• Task requirements:
When you transcribe the listing, keep each line exact and drop the pictures.

• Information provided:
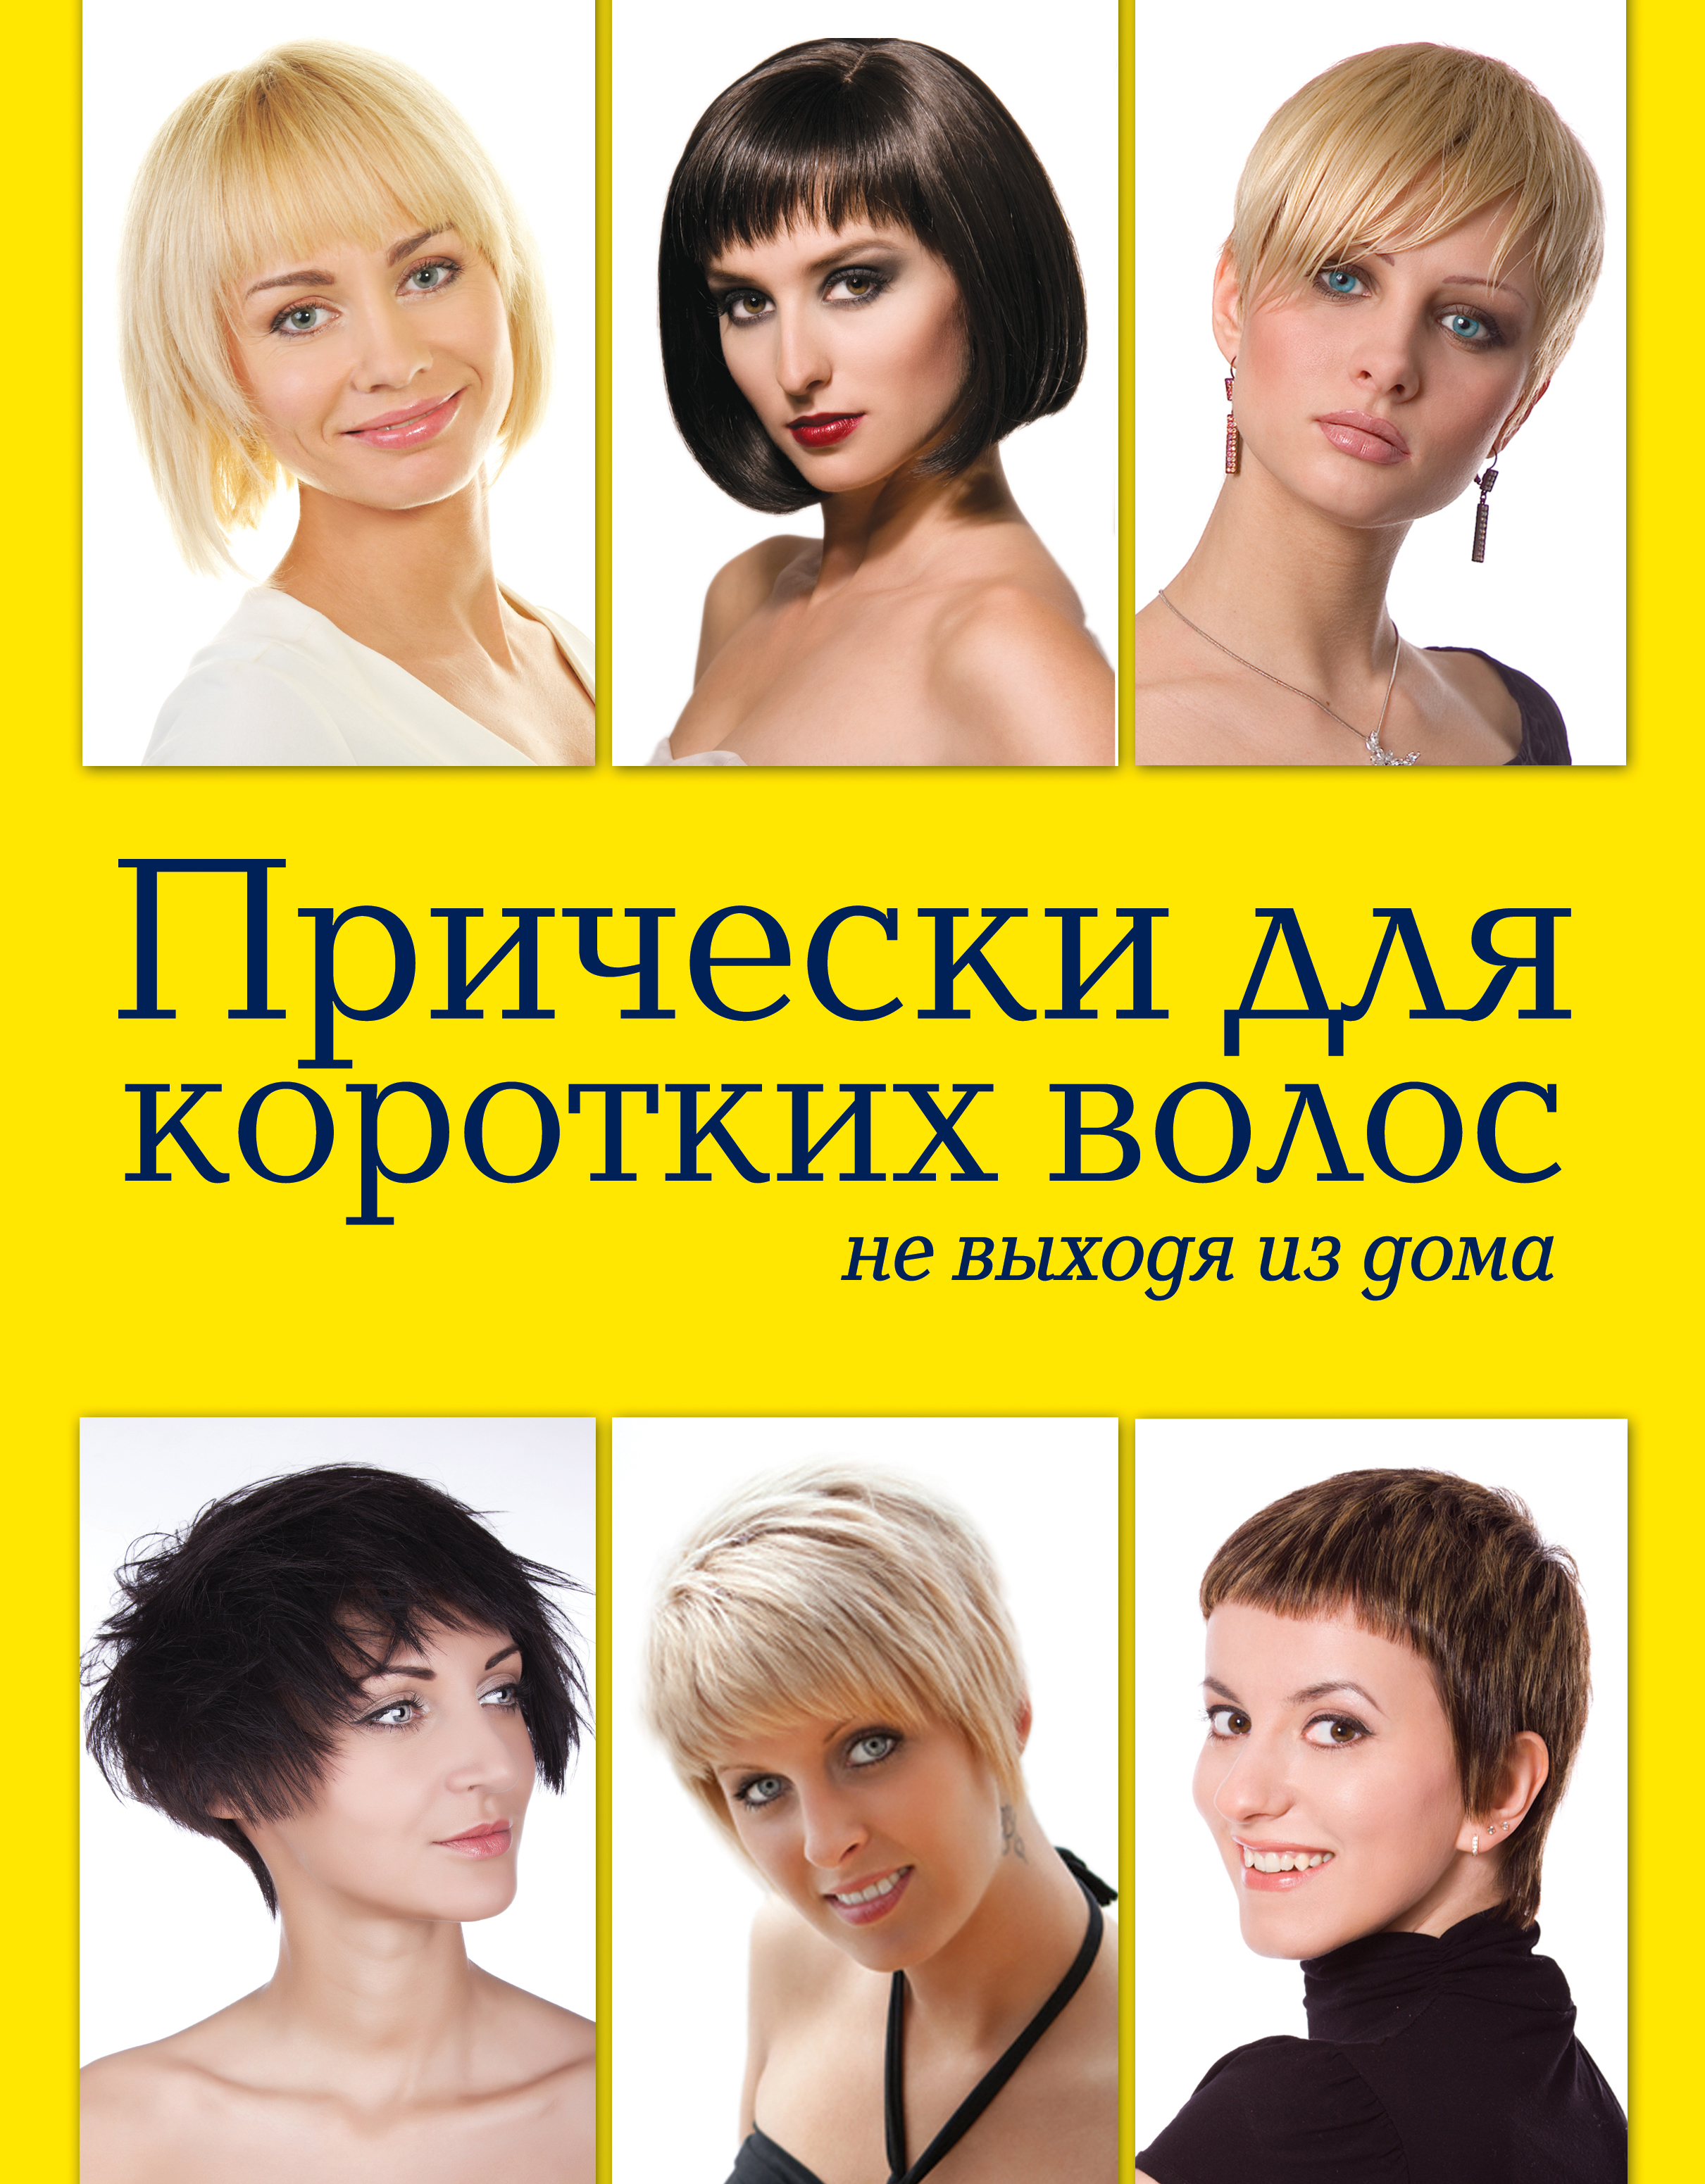 Прически для коротких волос не выходя из дома (KRASOTA. Домашний салон)
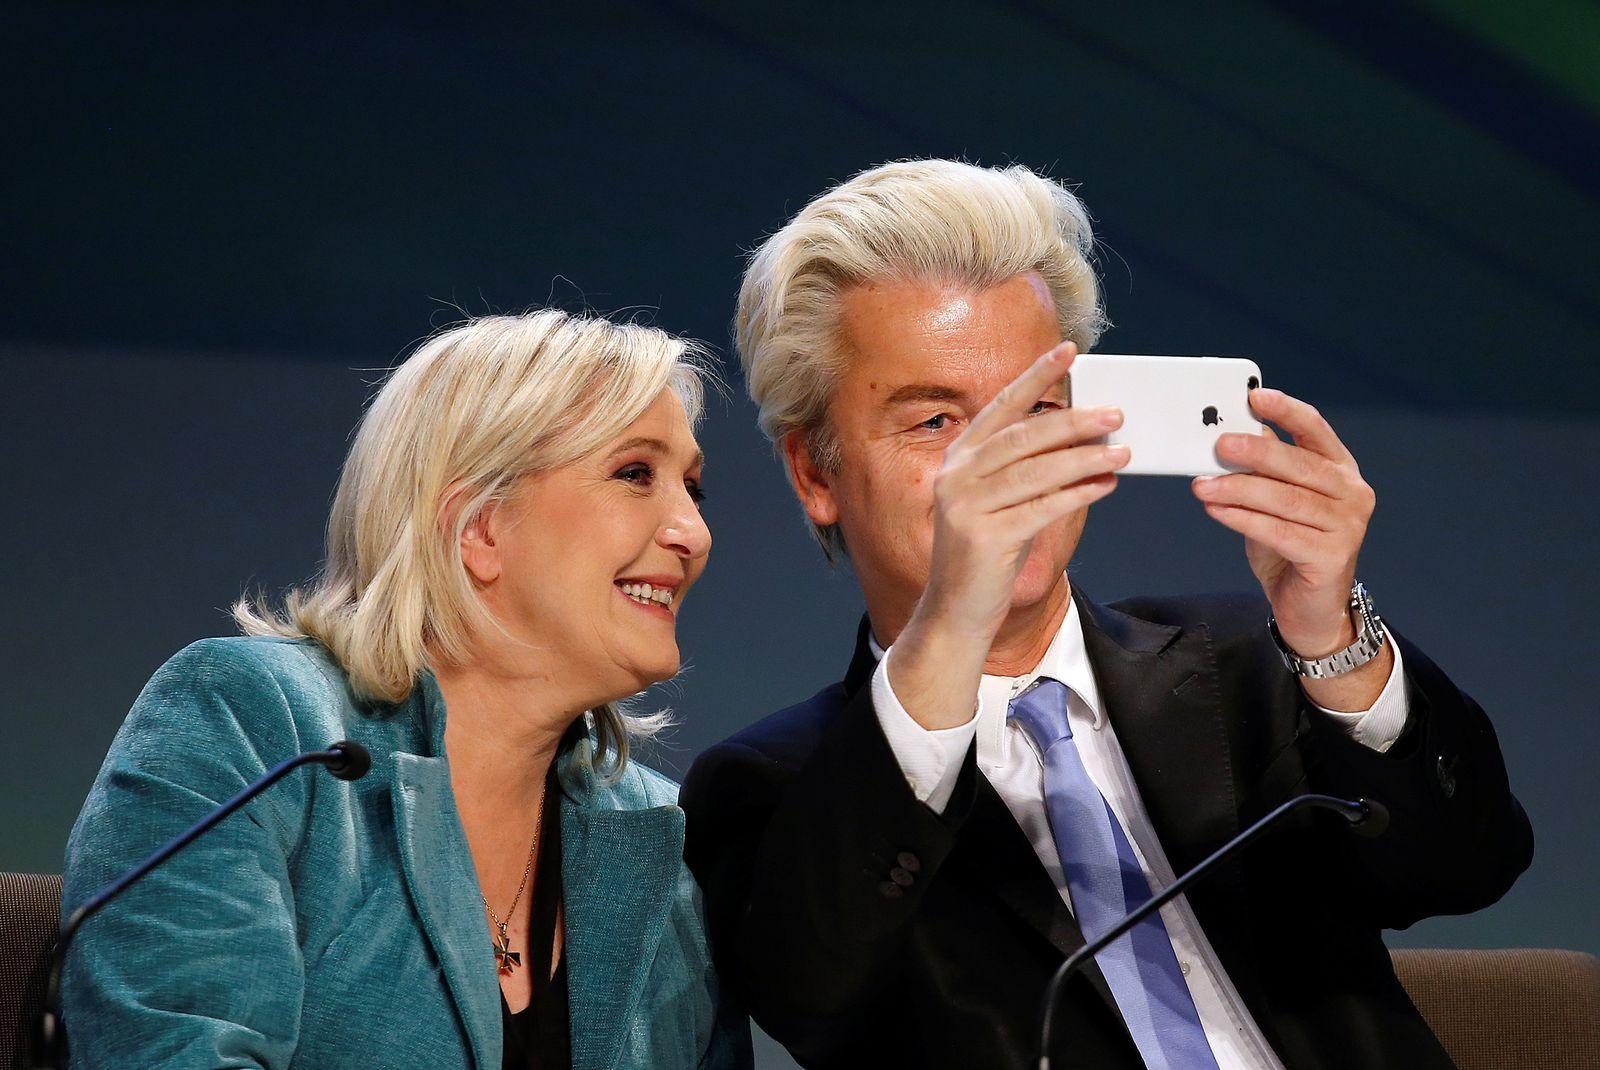 Le Pen Wilders
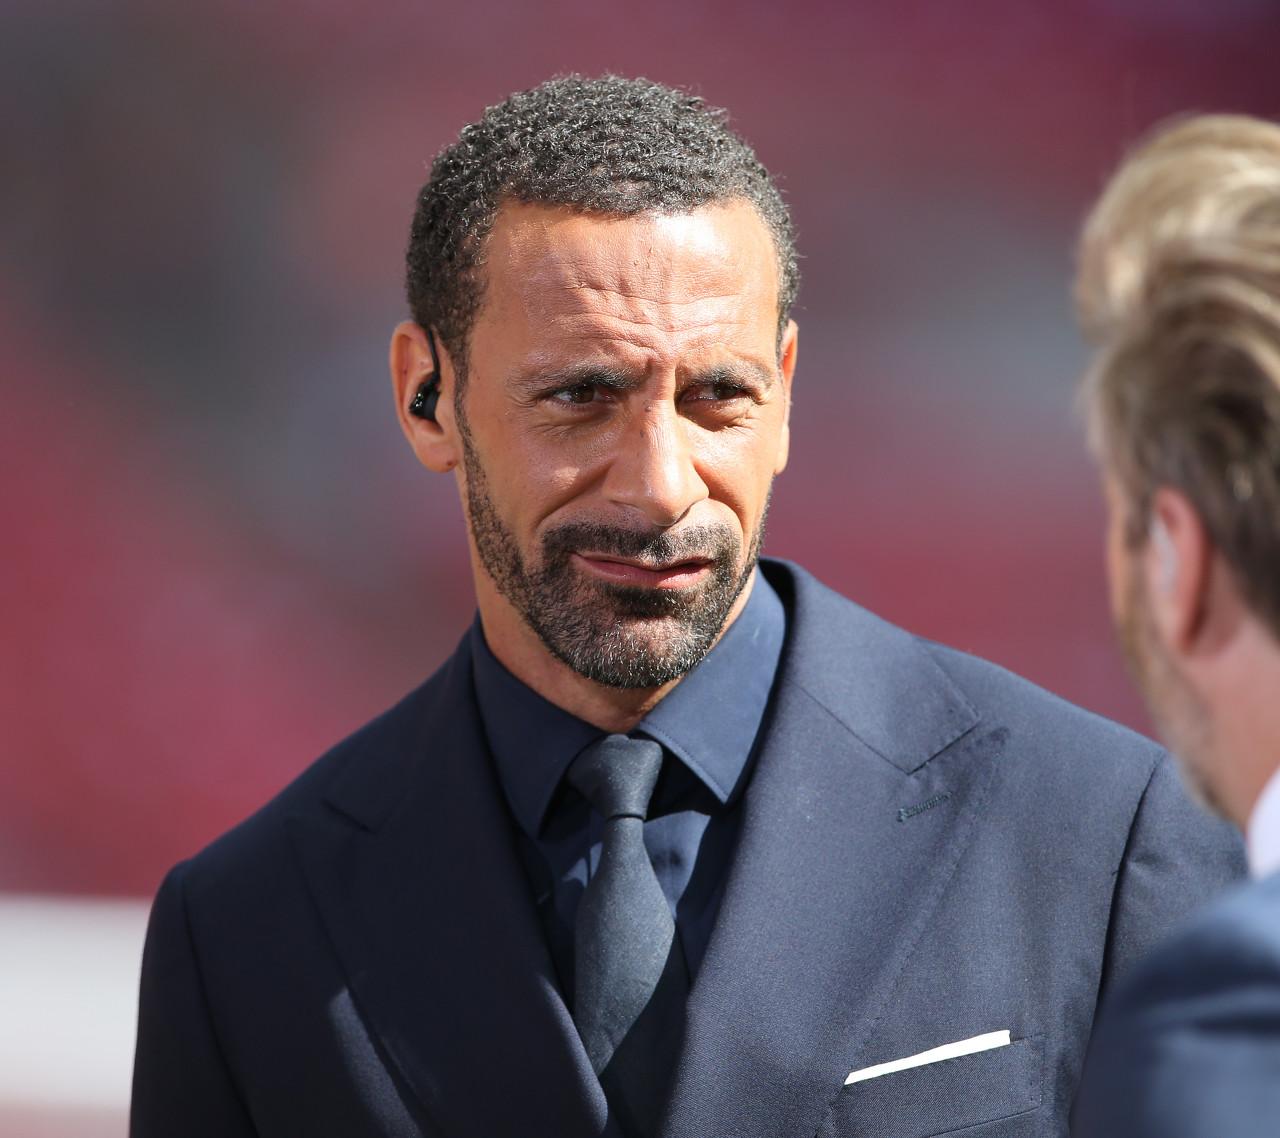 费迪南德:我热爱曼联,若有机会愿回到沙龙作业

• Problem solution:
 Прически для коротких волос не выходя из дома (KRASOTA. Домашний салон)
 Le Pen Wilders
 费迪南德:我热爱曼联,若有机会愿回到沙龙作业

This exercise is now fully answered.